Is Print Dead?

Posted on November 17, 2015 by David Yovich

Trade Magazine Advertising

If you talk to printers, magazines, and even newspapers print is making a surge. But at the same time printers have invested in digital presses for shorter runs, magazines push their website banner ads, and newspapers tout the in-app advertising capabilities. Which begs the question, is print dead? No, print is not dead. It’s simply redefined.

Advertising and marketing is more then communicating a message, it’s the ability to effectively communicate a message that not only resonates with the target audience, but has the opportunity to be heard.

The perception of direct mailers with many clients is that they are old, expensive, and ineffective tactics in today’s modern age of digital. But, direct mailers were more ineffective 15 years ago when mailboxes where full of junk mail. Today, direct mailers have more of an ability to break through the noise then email blasts. On average, email campaigns produce a .01% response rate, compared to the 3.7% produced by direct mailers (DMA Response Rate Report 2015). However, direct mailers are more expensive, harder to track, and take a high effort of deployment. Direct mailers work, but only as a part of your overall mixed media marketing approach and never as a stand-alone strategy.

Although PDF’s existed since the early 1990’s, it was in the late 90’s when printers started to really worry. PDF’s allowed companies to discard expensive print runs and deliver catalogs, brochures, and anything else in a PDF format downloadable on their website or other delivery means. Fast forward to today, with the addition of responsive websites, mobile applications, and the accessibility of video, why would any company need a brochure? Print is tangible. A brochure is something that can be held and information disseminated independent of a screen. There is an automatic perceived value with a brochure. It can be filed, stacked in a pile, or sat on a corner of a desk for easy reference later. Just as in direct mailers, it should only be a part of the overall mixed media. The choice between revamping the website or developing a brochure is easy, the website. Large runs that print salesman push in order to save a few dollars on the per-piece run is as obsolete as the brochures will be in one or two years. When thinking about brochures it is important that the brochure is designed with the big picture. The brand/product imagery, unique selling points, easy to scan bullet points, limited reference data, and should direct viewers to the website for specifics.

Print ads don’t work, unless it’s a trade magazine, local magazine, or a highly specific consumer magazine. All of which are very effective. Trade magazines are a phenomenal marketing resource. They cover topics your costumers want to read, which translates to high readership. More and more companies are shifting to trade web advertising and minimizing the print buys to cut cost. This is a mistake. A solid media placement mix, which includes trade print, is a must. Web banners do not have the brand impact like a print campaign.

Trade magazines offer direct emails, newsletter sponsorship, and a variety of other digital marketing services, but the print ads are king. Print trade ads reinforce the brand/company message your sales force is touting to the market.

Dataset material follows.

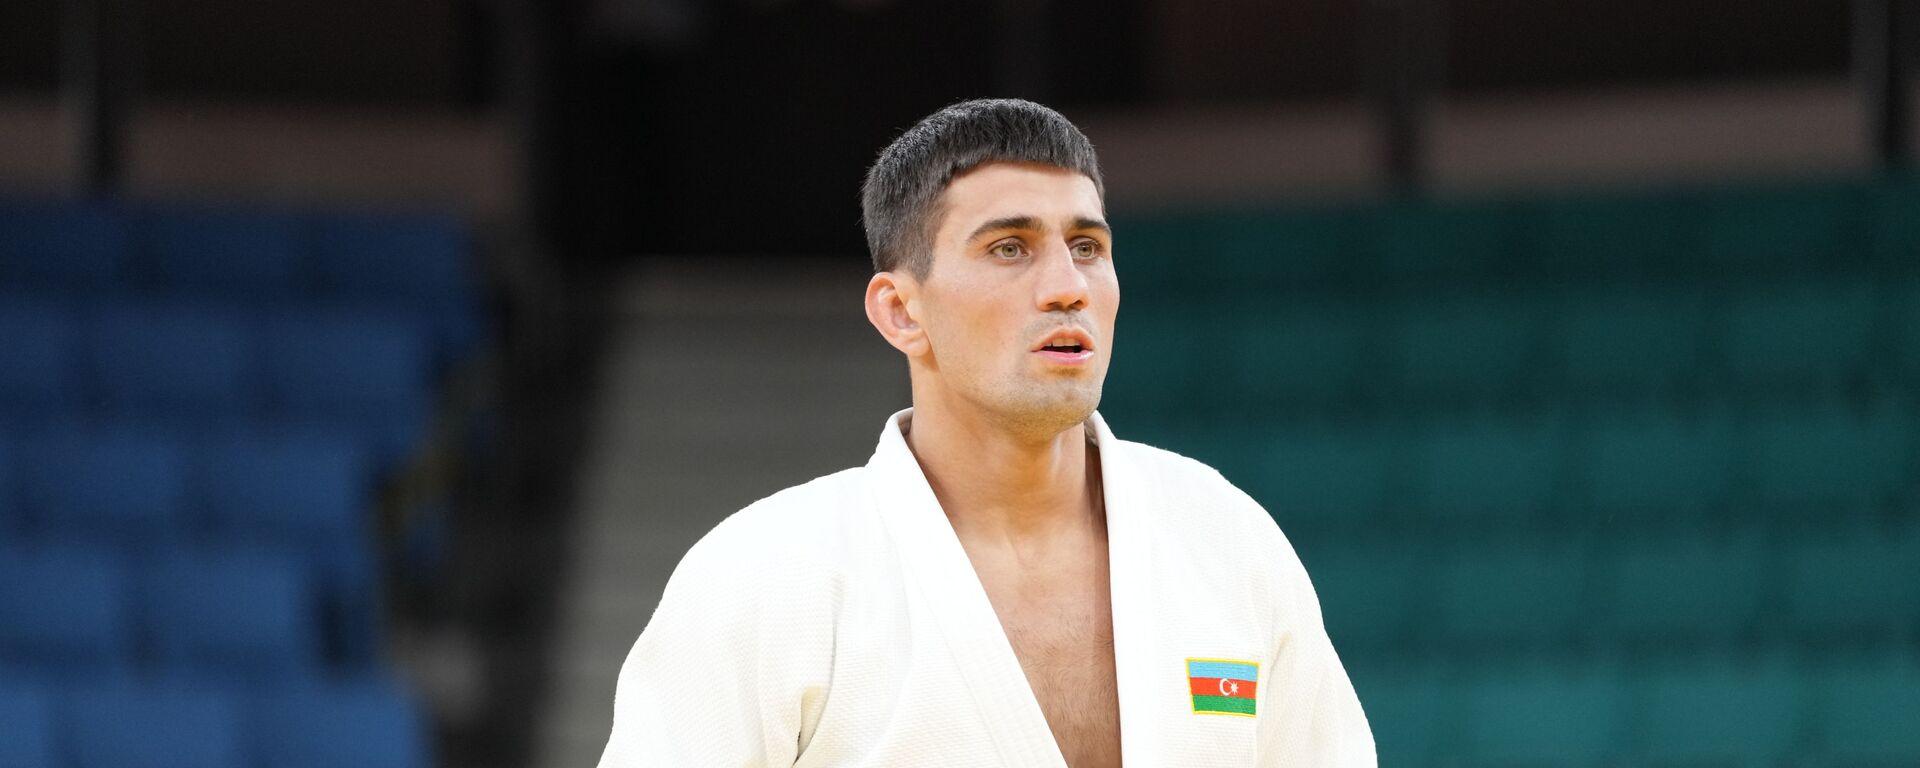 Азербайджанский дзюдоист Рустам Оруджев, фото из архива - Sputnik Азербайджан, 1920, 07.10.2021

Consumer magazines are a much different story. National consumer magazine print ads are a budget drainer, which should be replaced with strategies that produce higher effectiveness in both performance and cost. With one exception, highly targeted national consumer publications, such as Woodworking Magazine if you sell products to woodworkers or Classic Car Magazine if you specialize in selling replica and aftermarket parts. National magazine advertising can also be replaced with local lifestyle magazines, which produce higher readerships, better engagement, and a much more targeted approach.

Consumer magazine print ads have their place, but effective implementation must take different creative approaches.

Print is not dead, but the old methods of implementing print are. Print does not offer measurable statistical results such as digital, but never underestimate the branding power of print.